As a result of the necessity that the solid state components be constantly maintained in an energized state, these systems are susceptible to false triggers due to voltage transients. The extended exposure of the solid state components to surges and interruptions in power causes a higher incidence of component failure. Solid state components are significantly more susceptible to certain types of abuse than are relays. In addition, because a trickle current must be constantly maintained, the lifetime of the system itself is diminished.
Solid state systems generally utilize transistors or SCR's to latch various signals and to control the start up and the shutdown of the engine. There are several disadvantages with maintaining such signals through solid state components. Momentary surges and interruptions in power can initiate false triggers and release latched conditions. When solid state components are used for this purpose they must be constantly maintained in an energized state, thus their expected useful lives are diminished.

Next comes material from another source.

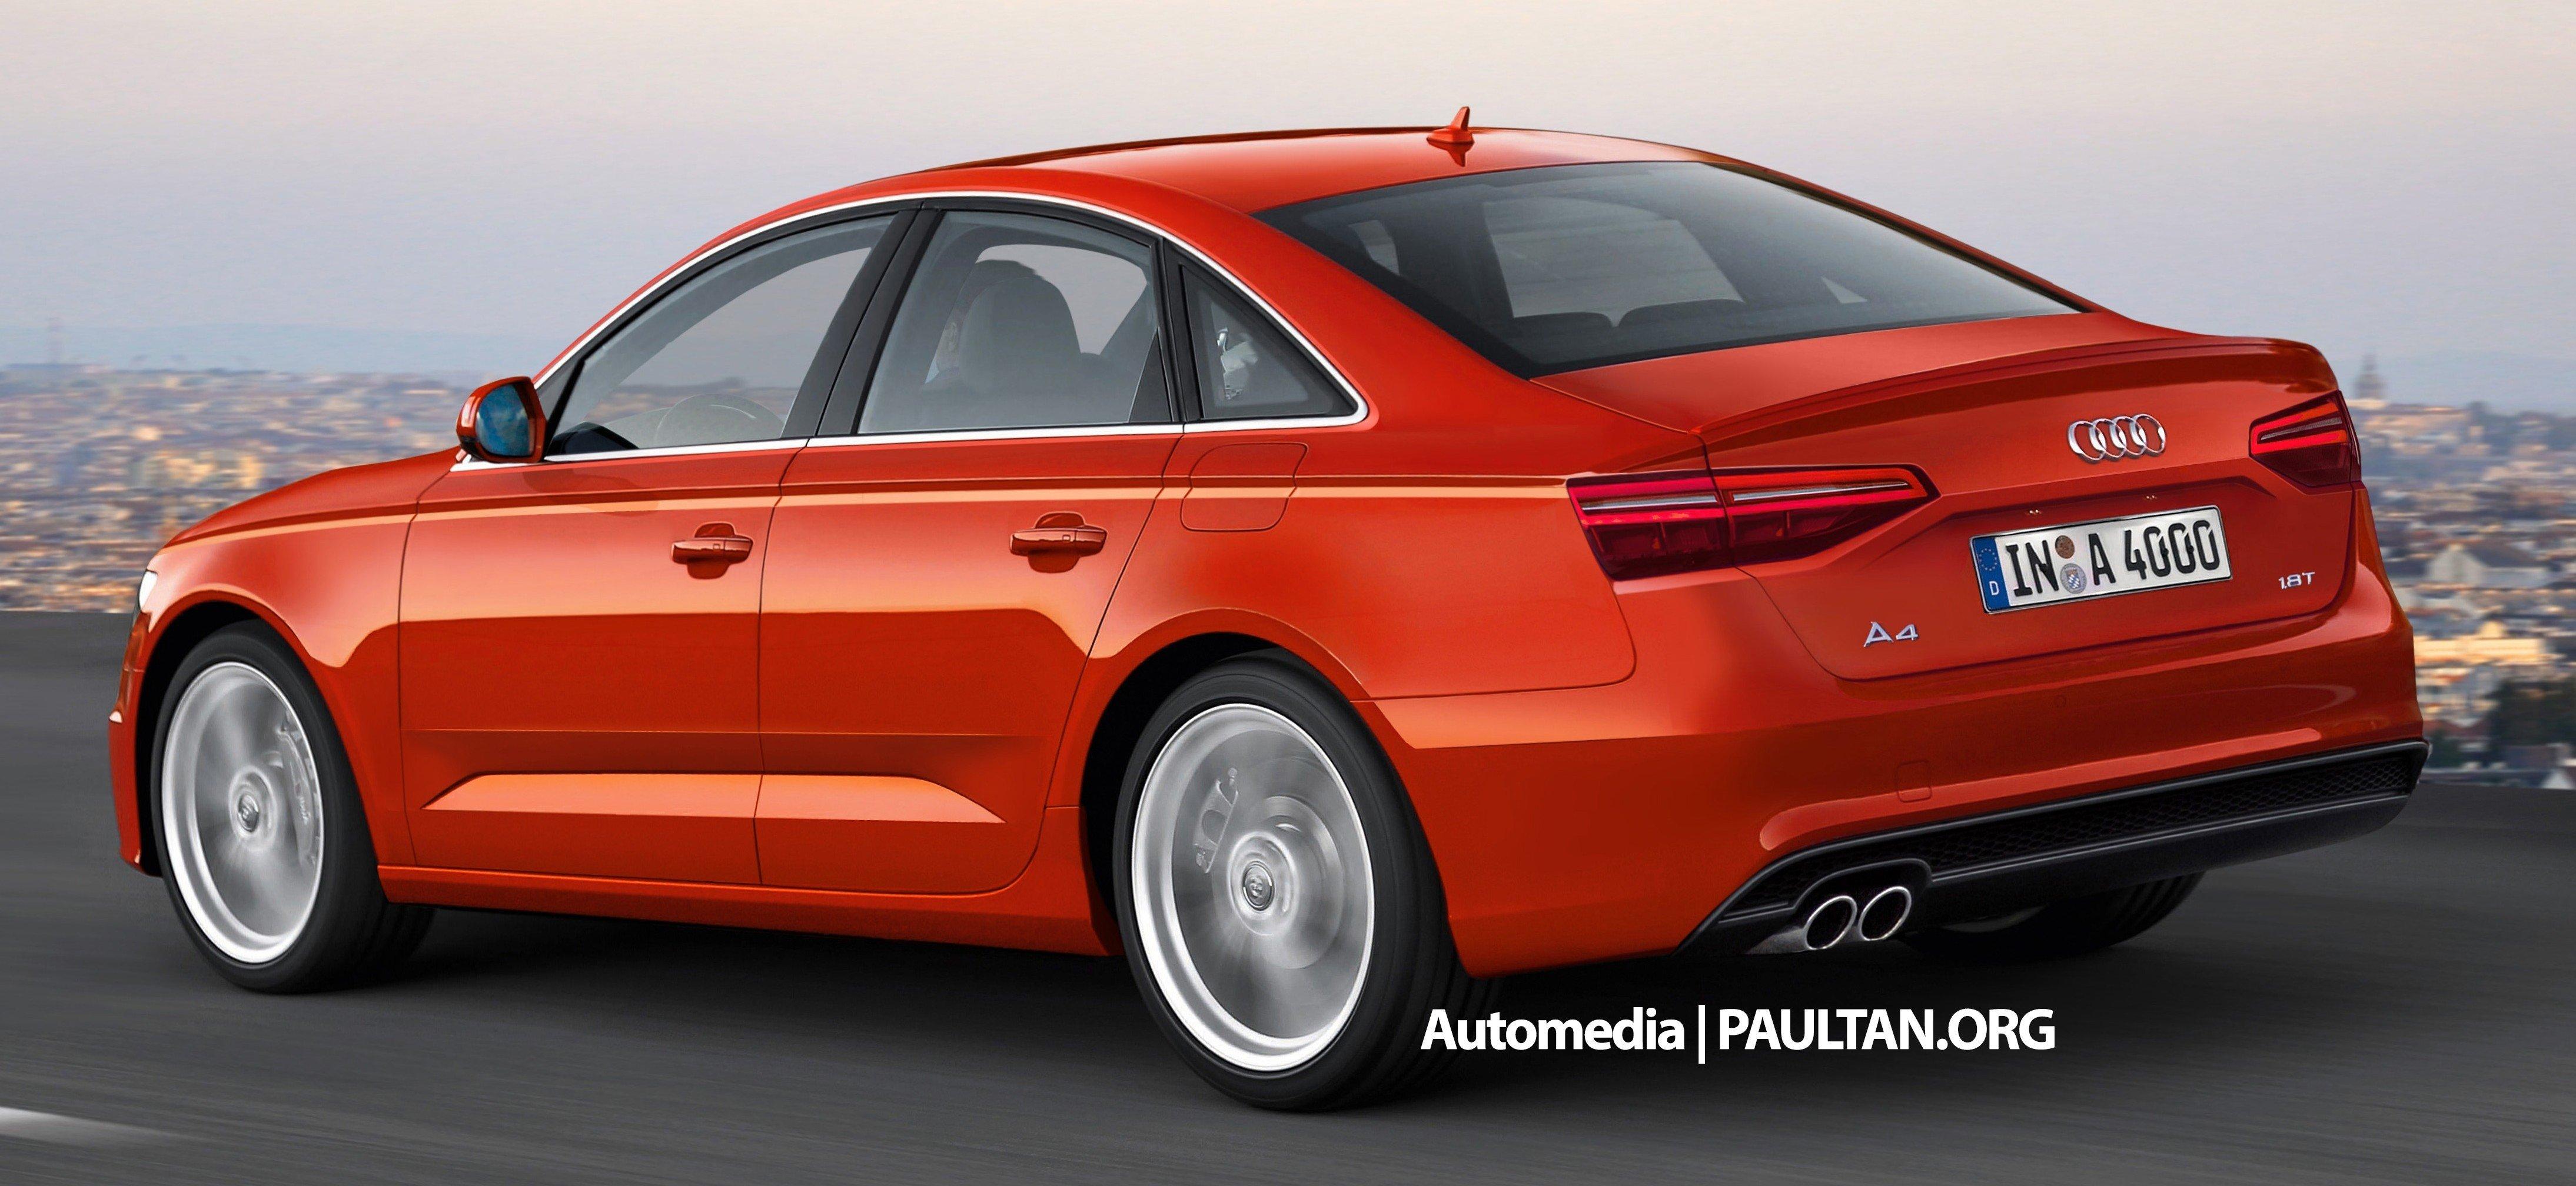 Audi A4 B9 Rendered 2015 Frankfurt Debut Likely Image 310916

Solid state systems in the prior art are also often susceptible to damage caused by miswiring of the system to the battery and the various engine controls. This is because the requirement that these components be constantly maintained in an energized state causes them to be exposed to damage in the event of miswiring.
Automatic engine control systems have generally not integrated a means for controlling the operation of the battery charger of the controlled engine. Certain systems which have done so that only energized the charger during the normal operation of the engine.
The present invention is an improved automatic engine control system that is uniquely and ingeniously designed to take advantage of the most desirable aspects of both electro-mechanical circuit devices and solid state circuitry. The general nature of the invention is set forth in the claims and reference should be made thereto for an understanding of the scope of the invention.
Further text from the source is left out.